My children tell me about therapy. Tell me to go and talk. That it will help.
“You kids talk too much,” I always tell them. “A man lives horror. Learns to drink. Learns to write. Be like Hemingway. That’s how you digest war. What is some thirty year old bookworm going to tell me I don’t already know?”
They always protest, and I let them talk. I listen. They sound smart. I guess that’s a good thing. My son can’t fight but he can talk, I tell myself. Which seems to be more important in the modern world.
I don’t know why I still keep the Nazi blade on me at all times. Even if the dead start to walk, I’d let them kill me.
I had a dream where all the dead whose future I stole—their souls were locked in this blade—and the only way I could free them was using the blade to kill myself.
Nonsense, I tell myself, and pour a drink.
I used to think my only redemption lay in telling the world my story—help them see I was forced, that we all were. But the nightmares remind me it was never that simple. Some we saved, some we killed, and the cure came too late to matter. Life moved on while my guilt stayed put.
I think about death—my death. I want no fuss or frills. Bury me with the blade, I tell my kids. I don’t deserve to be parted from it.
Sometimes, late at night, my thoughts drift to an alternate life—if I’d refused to kill even one more time, and just let myself be killed. How many souls would have endured by me not existing?
Sure, I’d be the one rotting in the streets—small price to pay.
There’s no winning in these questions, just a slow ache that lingers with the stench of rotted memories.

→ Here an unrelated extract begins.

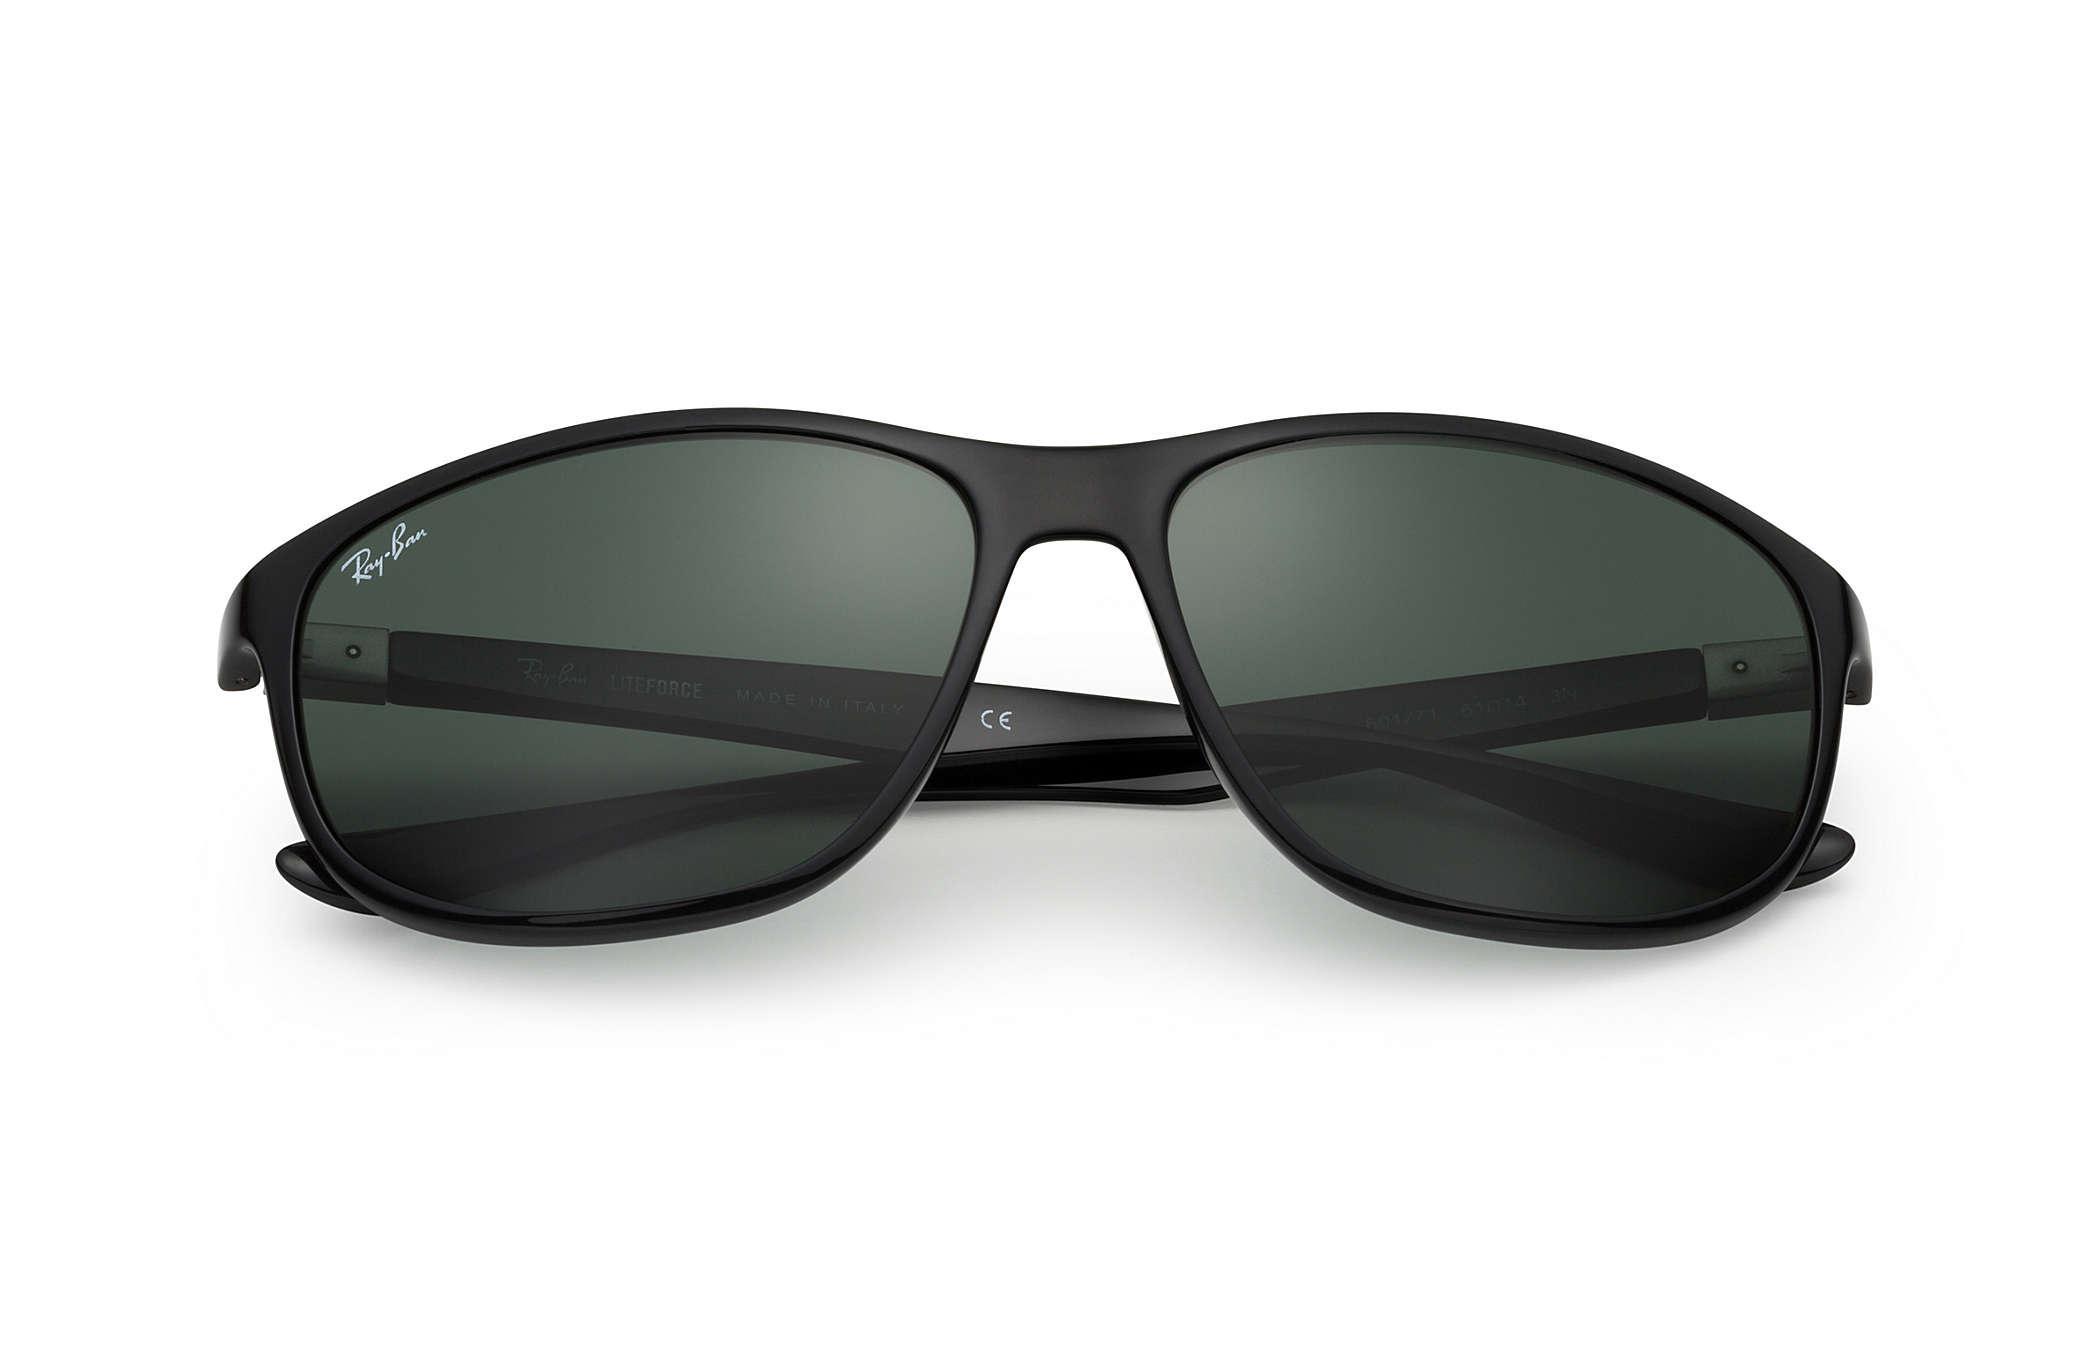 78407decb11 Ray-Ban - Black Rb4213 for Men - Lyst. View fullscreen

And so late at night I slip my hand over the hilt of that Nazi blade. The grooves are worn and deep. I recall how effortlessly it sliced through the living and the dead—through hope and final chances. More than once, I’ve considered plunging it into my own chest. But I haven’t yet, and I’m not sure if that makes me a coward or a survivor.
And so I wait.
And so I remember.
And if I’m lucky, when I join the dead—they’ll have me.
The Wyrd Curtain:
Where once the living and the dead divided cleanly, now the past’s secrets gnaw at a tired conscience. A cure came too late, leaving the life taker haunted by what might have been saved. Heroes of war find their burdens heavier than any rifle or bayonet, and memory clings to them like snowdrifts over unquiet graves—and Wyrd Worlds yet await.